The data you choose is up to you! I encourage you to select a dataset that fits your area of expertise. Some of the resources for datasets are listed below. Note that these are just resources I've used in the past. You are not limited to these resources, but it's a place to start.<br>
    <br>
    - [kaggle](https://www.kaggle.com/datasets)<br>
    - [data.gov](https://data.gov/)<br>
    - [google datasets](https://datasetsearch.research.google.com/)<br>
    - [SEC datasets](https://www.sec.gov/data-research/sec-markets-data/financial-statement-data-sets)<br>
    - [dataquest](https://www.dataquest.io/blog/free-datasets-for-projects/)<br>

Your dataset must have at LEAST 10,000 rows of data. Additionally, it should have enough attributes to allow for a meaningful analysis and level of complexity (e.g., a dataset with just two columns for "name" and "birthdate" likely is not going to be enough.)

Once you have selected a dataset, you will be required to perform an analysis

 with a large dataset of at least 10,000 rows. The goal is to:
- Import and explore the dataset.
- Clean and prepare the data for analysis.
- Derive at least 6 key insights from the data using Python and Python libraries. You are welcome to add more coding blocks and more insights. 
- Communicate these insights clearly, professionally, and explain how they can inform decision-making.

---

If you and your group want to utilize the power of Github and use branches, here is the [documentation](https://docs.github.com/en/pull-requests/collaborating-with-pull-requests/proposing-changes-to-your-work-with-pull-requests/about-branches) on how to do so.

The cells below are a guide. Feel free to add code or markdown cells as necessary. 
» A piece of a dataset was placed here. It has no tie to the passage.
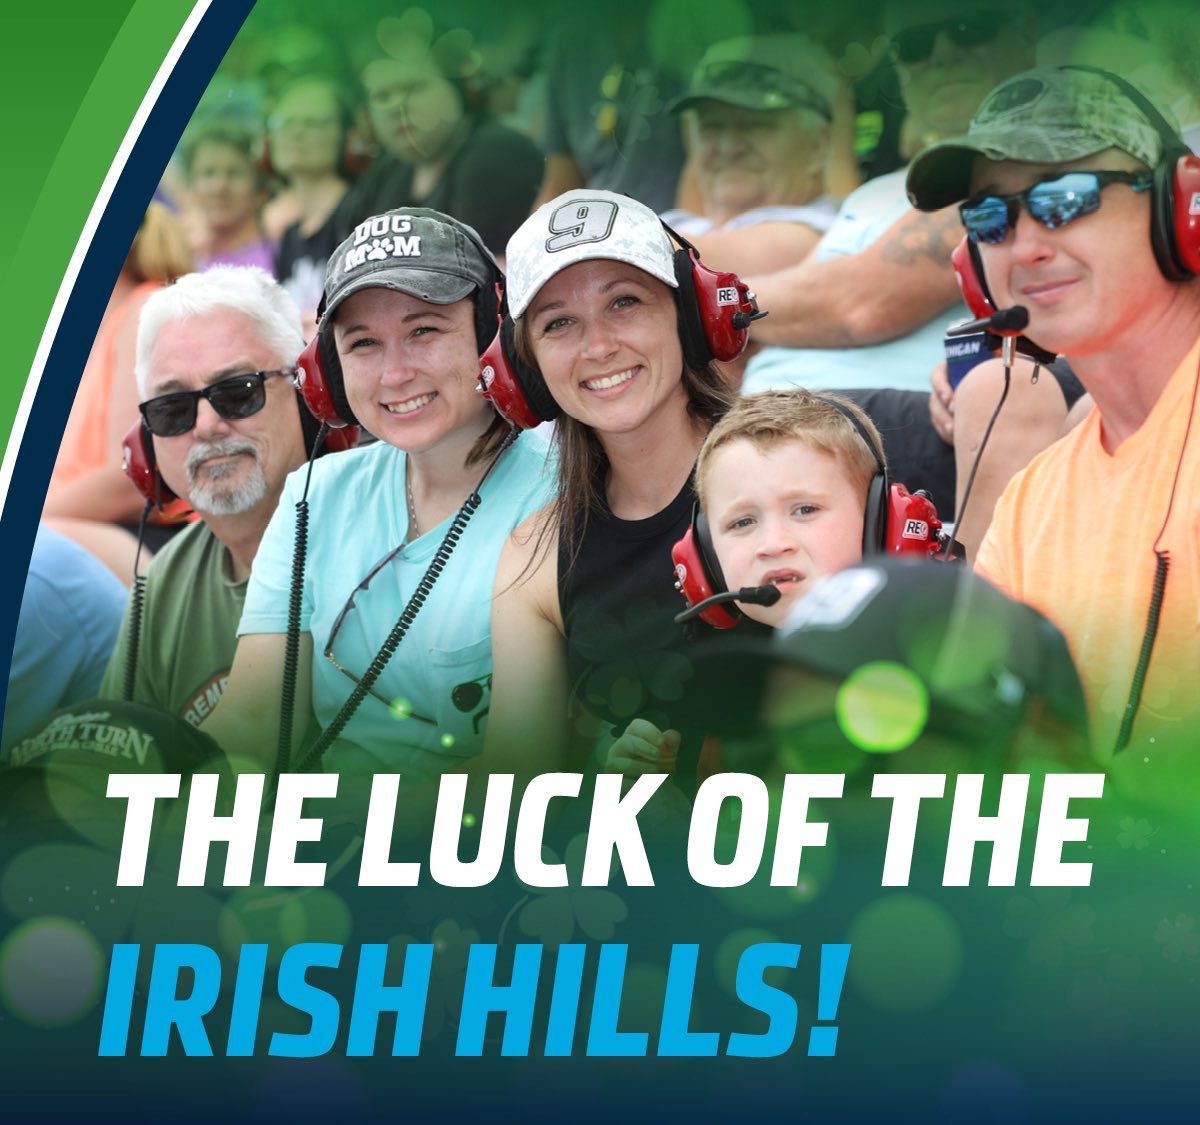 Sending you all a Happy St. Patrick’s Day from the Irish Hills! 💚🍀

## 1. Importing Necessary Libraries

In [4]:
# Code block to import libraries
import pandas as pd
import numpy as np
import seaborn as sns
import matplotlib.pyplot as plt
import statistics as stats



## 2. Loading the Dataset

Load your dataset here. Make sure the dataset has at least 10,000 rows.


In [5]:
# Code block to load the dataset
df = pd.read_csv('HopitalProviderCostReport_2022_FinalProject.csv')



## 3. Data Exploration

Explore the dataset by checking its dimensions, data types, and any missing values.


In [29]:
# Code block for data exploration
print('Data Set Info:')
#print(df.head()) #Shows 5 rows 

#This gives me the shape of the data set and shows the null values. How many & where theyre located. 
print(f"Initial Dataset Shape: {df.shape}") #Shows me I have 6,064 rows and 117 Colunns 
df.info()
# Calculate total nulls
total_nulls = df.isnull().sum().sum()

print(f"Total number of null values in the dataset: {total_nulls}") #I have 205,738 Null values accrossed the whole sheet

#nulls per column 
print("\nNull counts per column:")
print(df.isnull().sum())

#Show what percent of the sheet is null values
null_percent = total_nulls/ (6064*117)
print(f'Percent of Nulls in data sheet: {null_percent:.2f}')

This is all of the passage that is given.